Copyright (c) Microsoft Corporation. All rights reserved.  
Licensed under the MIT License.

# Using a Trained  FastText Model for Batch Inference

In this notebook, we will demonstrate how to make predictions on large quantities of data asynchronously using the ML pipelines with Azure Machine Learning. Batch inference (or batch scoring) provides cost-effective inference, with unparalleled throughput for asynchronous applications. Batch prediction pipelines can scale to perform inference on terabytes of production data. Batch prediction is optimized for high throughput, fire-and-forget predictions for a large collection of data.

> **Tip**
The dataset we use is not that huge. We aim to make you know the workflow of batch inference. If your system requires low-latency processing (to process a single document or small set of documents quickly), please use realtime inference. Refer to fasttext_realtime_inference.ipynb for more details. 

The outline of this notebook is as follows:

- Create a DataStore referencing documents stored in a blob container.
- Reference a trained fastText model from a complete experiment.
- Use the fastText model to do batch inference on the documents in the data blob container.

## Prerequisites
If you are using an Azure Machine Learning Notebook VM, you are all set. Otherwise, make sure you go through the configuration Notebook located at https://github.com/Azure/MachineLearningNotebooks first. This sets you up with a working config file that has information on your workspace, subscription id, etc.

In [1]:
import pandas as pd
from azureml.core import Workspace, Dataset, Datastore, Run
from azureml.core.compute import AmlCompute, ComputeTarget
from azureml.data.datapath import DataPath
from azureml.core.experiment import Experiment
from azureml.pipeline.wrapper import PipelineRun, Module, dsl
from azureml.pipeline.wrapper import PipelineEndpoint

### Connect to workspace
Create a workspace object from the existing workspace. Workspace.from_config() reads the file config.json and loads the details into an object named workspace.


In [2]:
workspace = Workspace.from_config('config.json')
print(workspace.name, workspace.resource_group, workspace.location, workspace.subscription_id,
      workspace.compute_targets.keys(), sep='\n')

DesignerDRI_EASTUS
DesignerDRI
eastus
74eccef0-4b8d-4f83-b5f9-fa100d155b22
dict_keys(['attached-aks', 'default', 'compute', 'aml-compute', 'aml-compute-gpu'])

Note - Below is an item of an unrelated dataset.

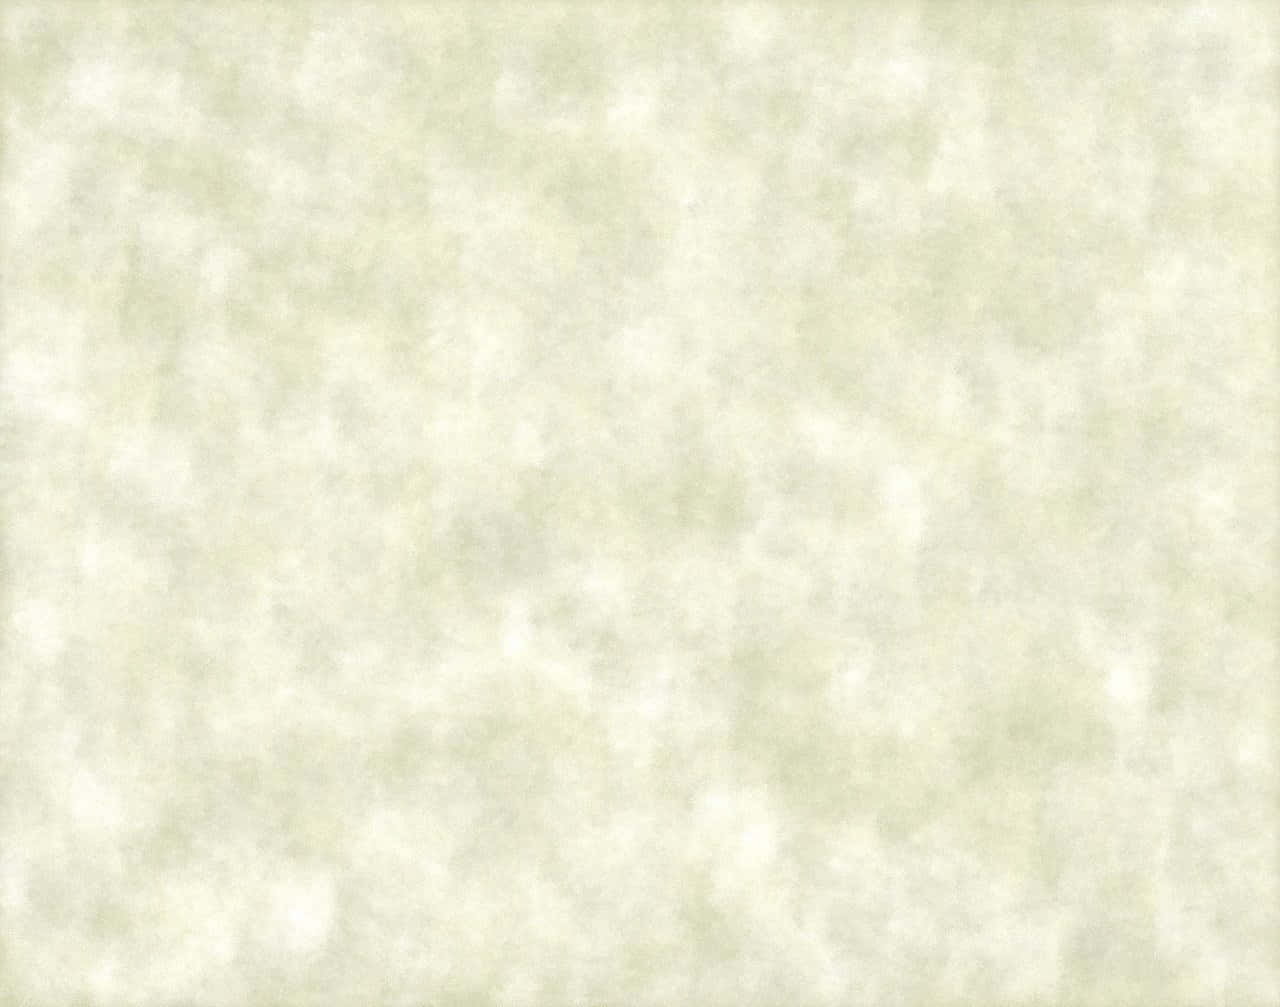 Parchment Paper Background - A great texture to add to your designs.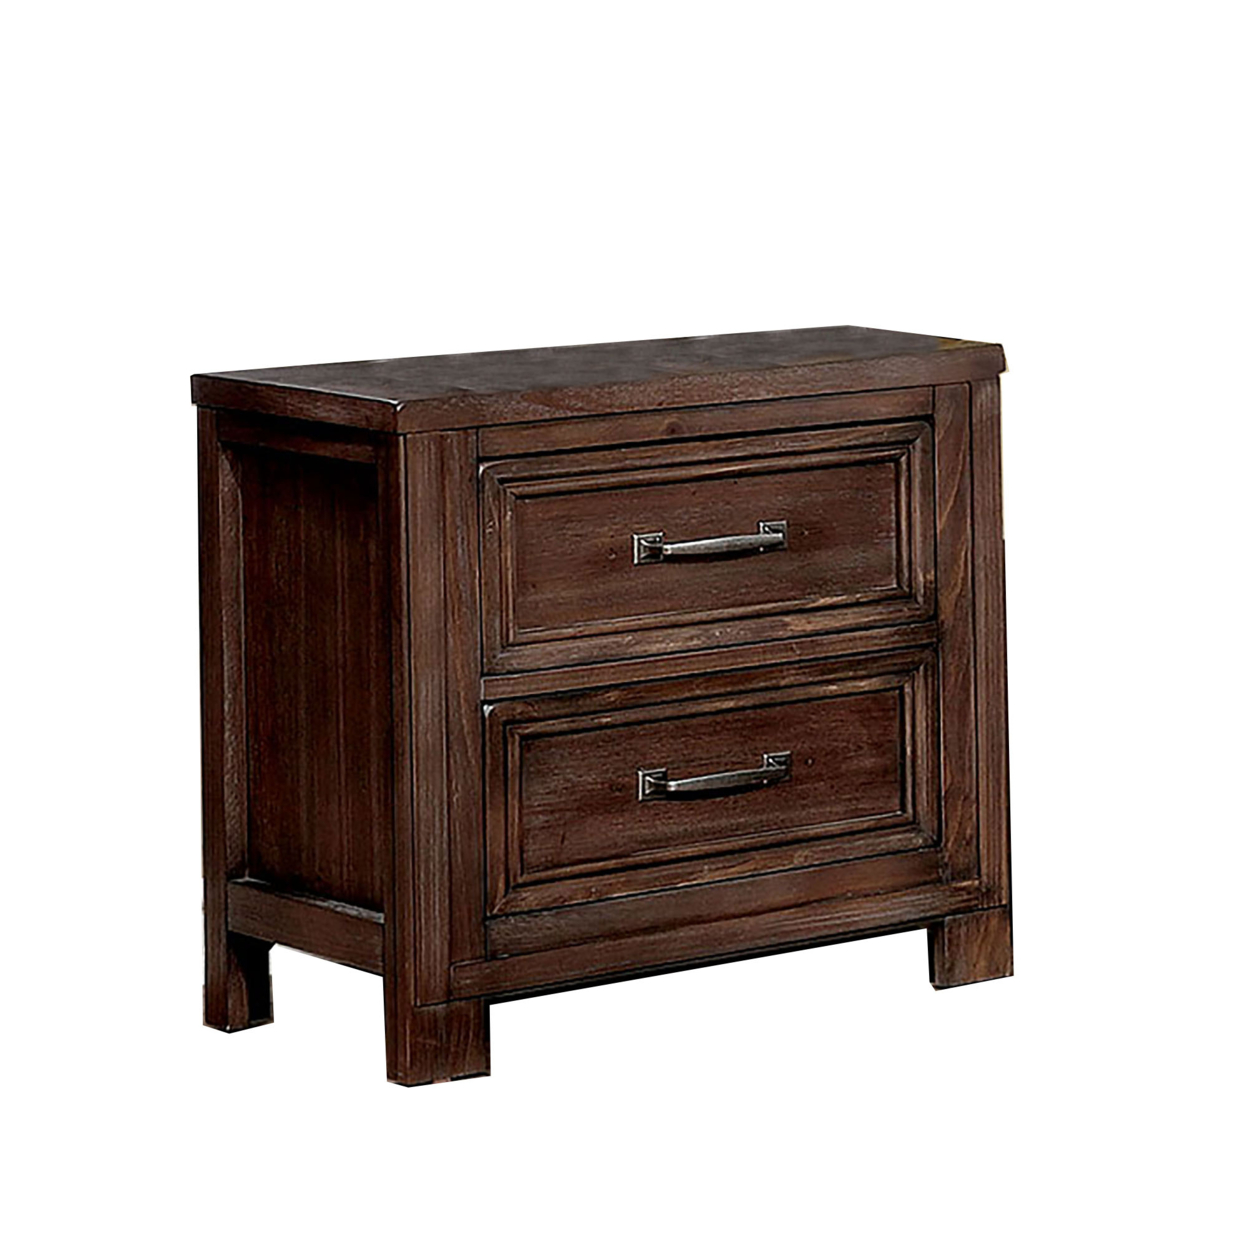 2 Drawer Transitional Style Wooden Nightstand With Molded Trim, Brown- Saltoro Sherpi

### Create or Attach existing compute resource
By using Azure Machine Learning Compute, a managed service, data scientists can train machine learning models on clusters of Azure virtual machines. Examples include VMs with GPU support. In this tutorial, you create Azure Machine Learning Compute as your training environment. The code below creates the compute clusters for you if they don't already exist in your workspace.

**Creation of compute takes approximately 5 minutes. If the AmlCompute with that name is already in your workspace the code will skip the creation process.**


In [3]:
aml_compute_name = 'aml-compute'
if aml_compute_name in workspace.compute_targets:
    aml_compute = AmlCompute(workspace, aml_compute_name)
    print("Found existing compute target: {}".format(aml_compute_name))
else:
    print("Creating new compute target: {}".format(aml_compute_name))
    provisioning_config = AmlCompute.provisioning_configuration(vm_size="STANDARD_D2_V2", min_nodes=1, max_nodes=4)
    aml_compute = ComputeTarget.create(workspace, aml_compute_name, provisioning_config)
    aml_compute.wait_for_completion(show_output=True)

Found existing compute target: aml-compute


### Upload the dataset into a blob container and prepare it as the input of batch inference

In [4]:
# upload files onto path_on_datastore to a blob container
# our files are in the directory of 'path_on_datastore' in the blob container
path_on_datastore = 'data_for_batch_inference'
datastore = Datastore.get(workspace=workspace, datastore_name='workspaceblobstore')
datastore.upload(src_dir='data/data_for_batch_inference', target_path=path_on_datastore, overwrite=True, show_progress=False)

# get the DataPath object associated with the uploaded dataset
datastore_path = [DataPath(datastore=datastore, path_on_datastore=path_on_datastore)]

# dataset used as the input of the batch inference
dataset = Dataset.File.from_files(path=datastore_path).as_named_input('dataset_for_batch_inference')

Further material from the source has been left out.